The mechanic, Tibor Varganyi, pled guilty to negligent homicide in exchange for his testimony that Mr. Lomma had an important weld repair performed by an inexperienced company in China because he wanted to save money. However, Mr. Lomma was acquitted of serious charges including second-degree manslaughter after a lengthy bench trial.

In the civil case, the court granted summary judgment to an engineering firm (McLaren Engineering) that was hired by the New York City Buildings Department, because it was only contracted to inspect the tower mast upon which the crane rested. Although there were several theories as to the cause of the accident, including the failed weld and operator error, there was no claim that the tower mast had anything to do with the accident. Accordingly, the court dismissed the deceased workers’ claims against McLaren.

Earlier, on March 3, Justice Manual Mendez refused to dismiss welding contractor Brady Marine Repair Co., even though it did not work on the weld that caused the accident. Since Brady’s invoice stated that it would “test all welds” on the crane, Justice Mendez determined that a jury should decide the scope of work that it committed to perform.

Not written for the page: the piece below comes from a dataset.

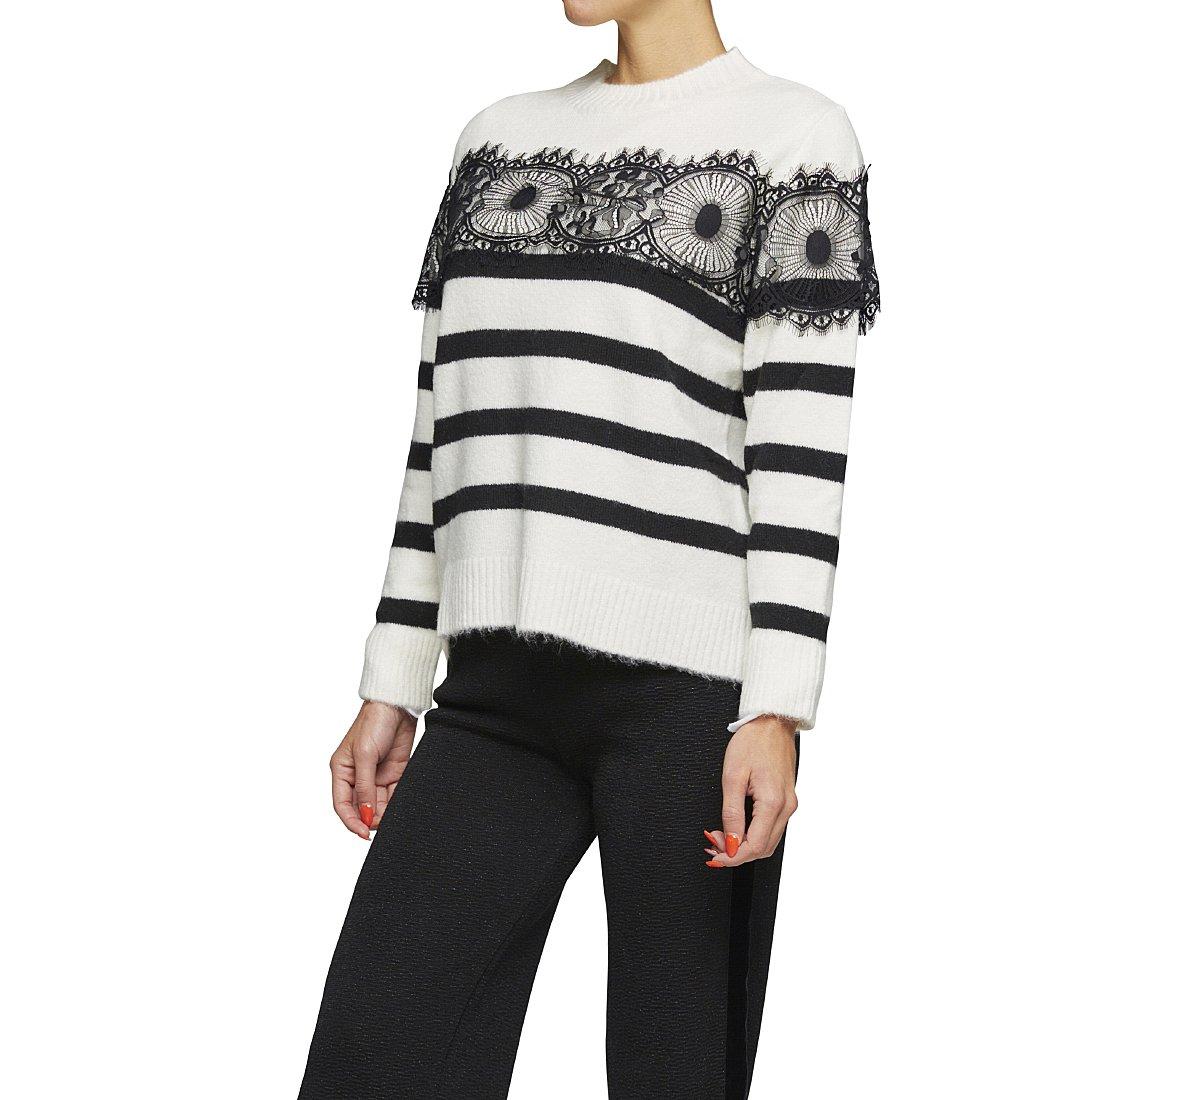 Пуловер в полоску из мягкого материала.

The Construction Manager, DeMatteis Construction, also moved for summary judgment, claiming that its subcontractor, Sorbara Construction, was solely responsible for the selection, operation and maintenance of the crane, and that DeMatteis did not supervise or control Sorbara’s work. Justice Mendez similarly denied this motion, finding issues of fact as to whether DeMatteis was negligent. Various claims against Lomma and New York Crane, as well as Sorbara, will move forward.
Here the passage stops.